On May 6, 2020, the WHO issued a document, “Key Criteria for the Ethical Acceptability of COVID-19 Human Challenge Studies.” It states that “there is a consensus among ethicists who have reflected upon human challenge studies that the intentional infection of research participants can be ethically acceptable.” While that is probably true for most ethicists, the WHO list of ethical criteria for the acceptability of such studies for COVID-19 does not mention the requirement that there be an accepted treatment for the disease. In a list of eight criteria for SARS-CoV-2 challenge studies, the second one mentions that “potential benefits and risks should be compared with other feasible study designs” and “risks should be minimized.” However, compared to those in the standard method of studying preventive vaccines, the risks to subjects in challenge studies are considerably greater. After all, some or many participants in a standard vaccine study may never fall victim to the disease under study. In comparison, the May 6 WHO document lists three risk-minimization strategies: “selection of low-risk participants; reducing numbers of participants where feasible”; and “initial challenges conducted one by one, with careful titration of viral dose.” While it is true that the second and third strategies reduce overall risks to the group of enrolled participants taken as a whole, only the first criterion involves the risk to an individual who is injected with a pathogen that causes serious illness and can be fatal.
On May 7, 2020, a nongovernmental organization, the AIDS Vaccine Advocacy Coalition (AVAC), issued a statement on ethics in COVID-19 vaccine challenge studies. The AVAC statement acknowledges that the WHO statement “articulated important criteria for assessing a challenge study” but omitted the most important one: “Until there is an approved treatment, a challenge trial with a potentially fatal and as-yet untreatable pathogen is unacceptable.” One vaccine researcher questioned whether it would be ethical, adding that conventional vaccine trials are likely to proceed as quickly.
Problems of Consent and Participation
There is a lot of interest in participating in challenge studies.

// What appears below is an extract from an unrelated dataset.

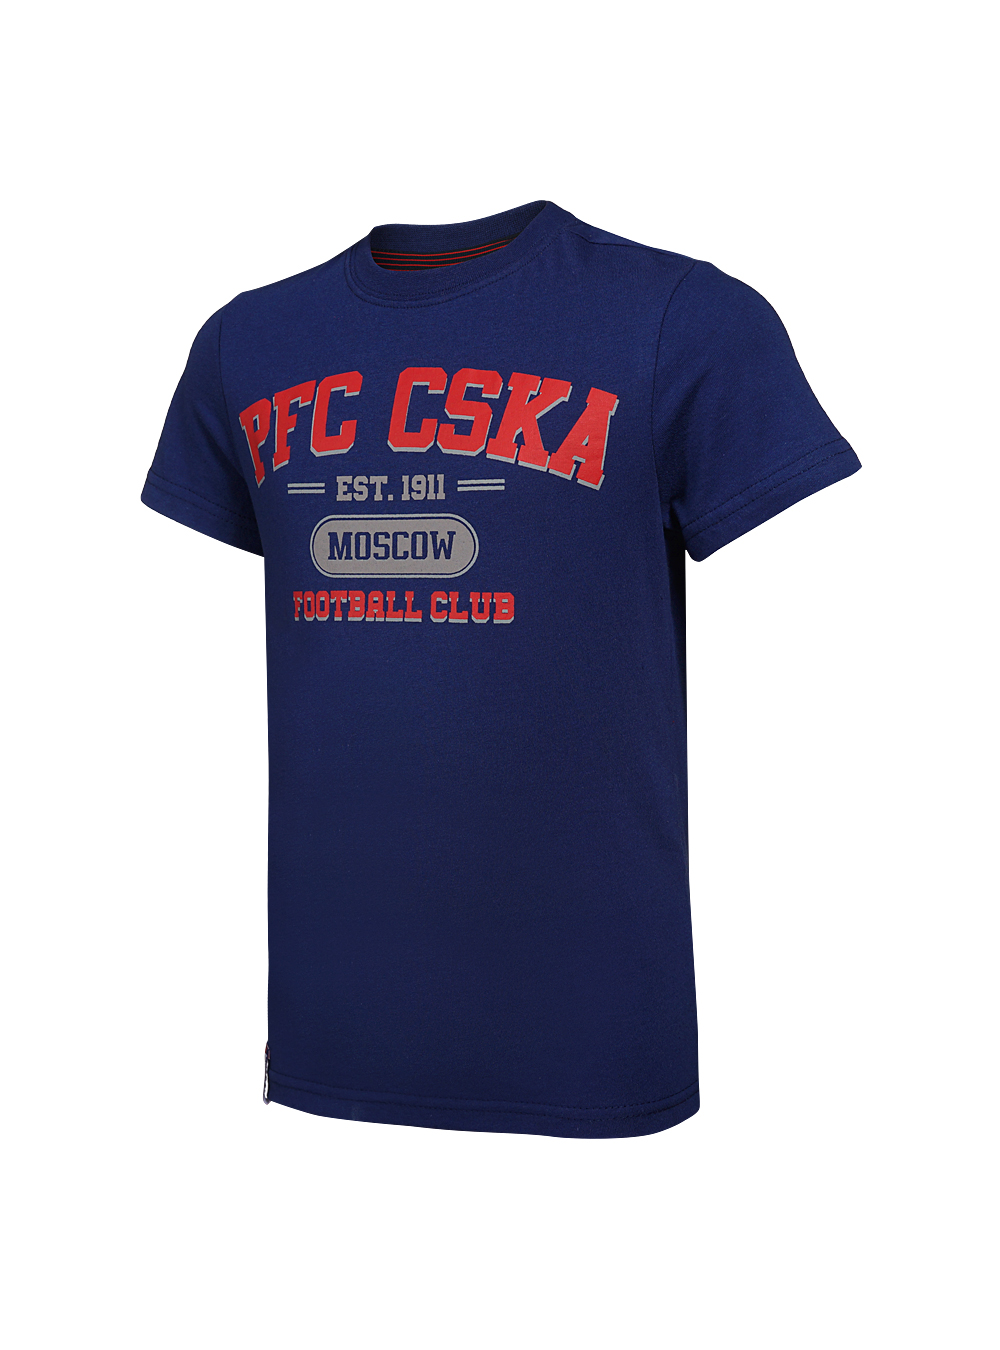 Футболка детская  PFC CSKA Moscow синяя (146) ПФК ЦСКА CSK18031 - фото 1

One account states, “More than 3,000 altruists from 52 countries have already signed up.” Another report sets that number at more than 14,000. But without more information, there is no way of knowing how informed those individuals are or even whether they are, indeed, altruists. They may be at high risk for becoming infected and harbor the “prevention misconception” that the first attempt at a successful vaccine will succeed in preventing infection with COVID-19. Moreover, the usual practice in medical research with healthy human subjects is to pay them for their participation—sometimes a lot of money. The WHO document on the acceptability of human challenge studies does not mention payment, but given standard practice, it is virtually certain that monetary payment—which may be considerable—will serve as an inducement to enroll. The likely result is that a disproportionate number of volunteers would come from lower-income brackets, including many people who lost their jobs because of the pandemic. And since many of them are likely to be members of racial and ethnic minorities, a serious question of social justice lies at the heart of this proposal.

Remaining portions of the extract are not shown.